Highlighting Keywords in Emails using Deep Learning

Arjun Maheswaran
Agara
Published in
5 min readOct 9, 2017

Customers send emails to companies all the time. The email might be questions they have about a product, complaints about a recent product failure, looking for coupons etc. These emails are then looked at by customer service agents on the company’s side, who would read the email, collect relevant information from internal knowledge bases, and then respond to the customer. Having the important parts in the email highlighted for them would make the customer service agents a lot more efficient and able to provide higher quality service with faster turnaround times.

At Agara Labs, we had a dataset of historical customer service emails. We also had data on what type of email it was, a question on a product vs complaint about a product for instance. These categories were provided by agents themselves when handling the case, so it was very accurate. With this dataset in hand, we sought to find a way to add highlighting of important parts of the email as a feature to our product.

Given just the email text and no other information,

(example based on a random review from Amazon)

we wanted to highlight the important words/phrases in the email for the agents.
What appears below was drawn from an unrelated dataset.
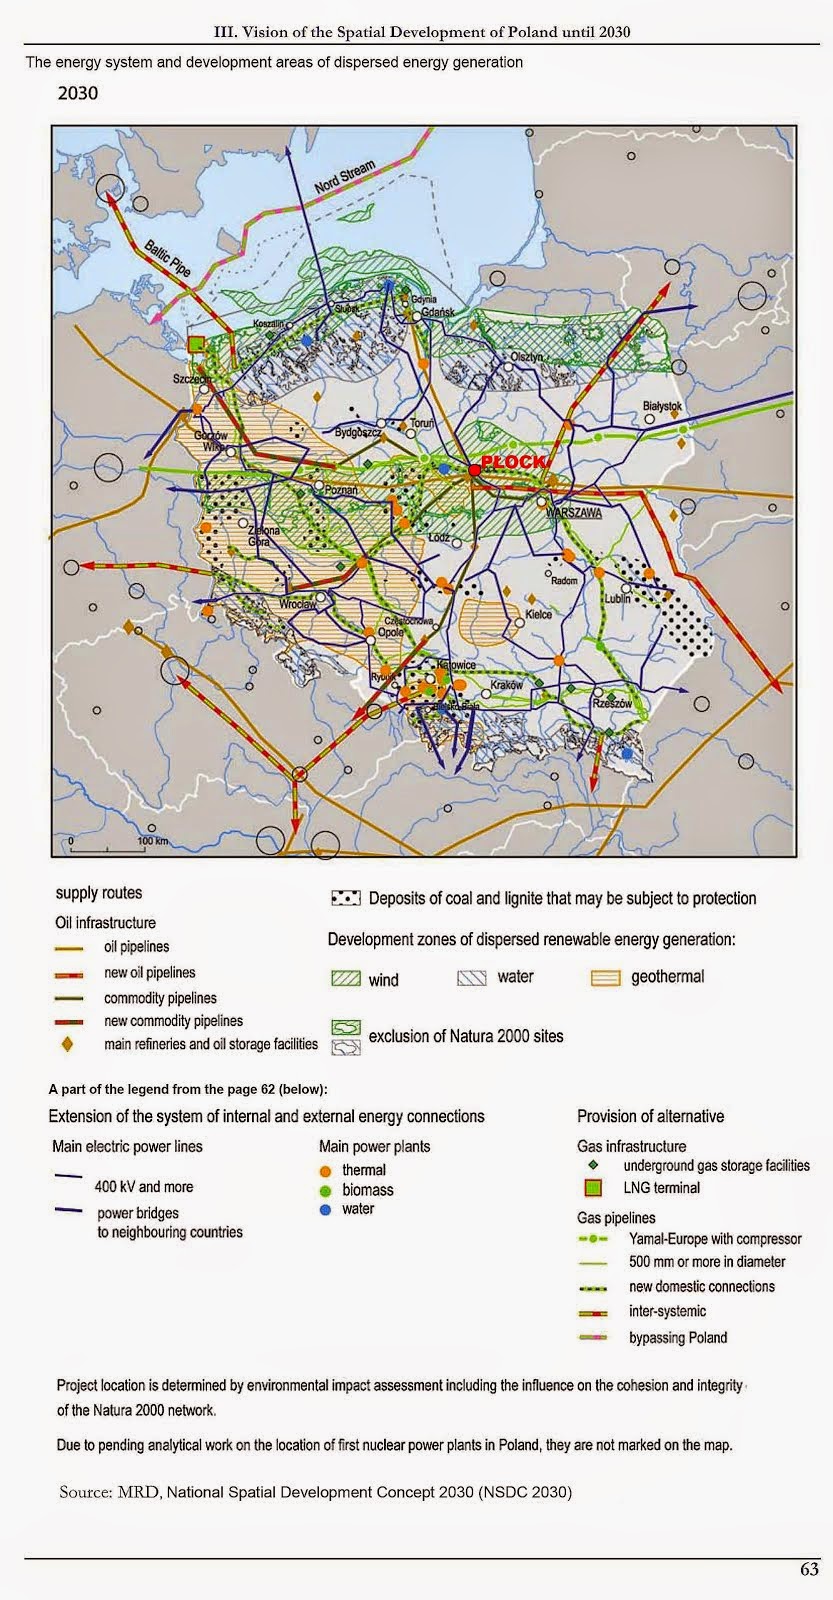 The energy system and development areas of dispersed energy generation in Poland

What constitutes an important word/phrase is subjective and depends on the agent and the type of product. A bad user experience might cause the agents to ignore our highlighting, rendering it useless. So we wanted the system to have a few important features:

  • The ability to tune the system easily on our end to suit the agent’s needs. Being able to highlight more or less, for instance
  • The highlighting needed to be fluid and smooth with enough context, kind of like summarising important parts than just highlighting a word or two, here and there
  • The system needed to have very high Recall with considerably high Precision. If we missed important parts, then the agents won’t be able to rely on our system and might even start ignoring the highlights. On the other hand, if we highlighted a considerable number of unimportant words, especially if not in the context of an important part of the email, then the agents might get frustrated and might start ignoring the highlights

We started exploring the problem by using a couple of simple count-based methods such as TF-IDF and log-likelihood-ratio. The highlights produced were a little underwhelming. Moreover, any purely count-based method would not be able to generalize to words/phrases not seen in our historical dataset of emails. However, these methods served as good baselines as we built better solutions. The rest of the post describes an approach which worked very well for our use case.

Segment Embedding

We split the emails into smaller parts which we called segments. Each segment was typically an n-gram (say n = 1 to 3) but with small constraints. One constraint, for instance, was that a segment cannot span over more than one sentence.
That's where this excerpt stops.